I am a PhD candidate in C.S. from Oct. 2021 with an INRIA grant currrently working under the supervision of Pr.
J-C Régin (I3S).
My topic is : Automatic generation of text under constraints for the detection and monitoring of
visual pathologies.
I am part of Biovision of project-team at Inria and Constraints and Applications
team at I3S lab.
My PhD research tackled a critical real-world problem: the limited availability of diverse, high-quality sentences for standardized vision screening tests like MNREAD. I addressed this challenge by developing a novel method for generating highly constrained texts that adhere to strict requirements.
By formulating the task as a discrete optimization problem and leveraging Multivalued Decision Diagrams (MDDs), I achieved an innovative solution: exhaustive generation of valid sentences without the need for complex searching. To refine the results and ensure natural language, I incorporated a language model (GPT).

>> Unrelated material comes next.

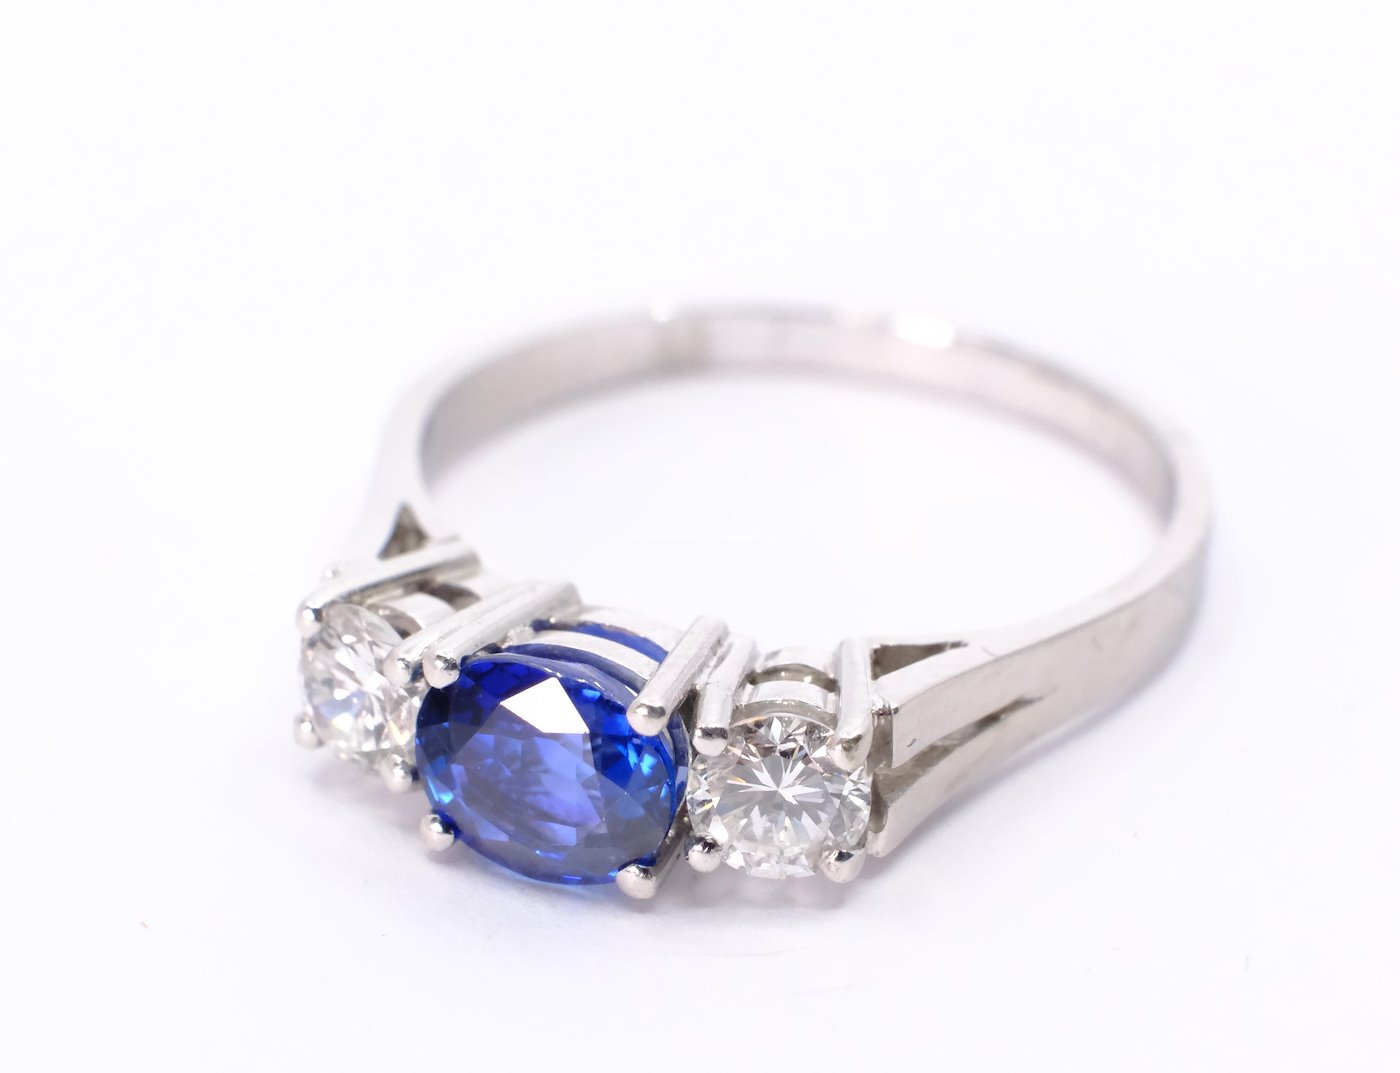 .. - Diamantový prsten se safírem, zlato 750/1000, vel. 55, hrubá hmotnost 3,55 g

This method stands out by effectively handling intricate constraints, including sentence length, display rules, and even grammatical nuances in both English and French. Compared to existing tests like MNREAD's limited set, my approach produces hundreds of diverse, valid sentences. This significant advancement expands the range of patient assessments while simultaneously unlocking the potential for adapting the method to various languages, ultimately enhancing the versatility and impact of MNREAD.
Beyond the specific application of vision screening, my research showcases the power of MDDs as a potent tool for constrained text generation across diverse domains. This paves the way for future applications that can benefit from text generation under constraints.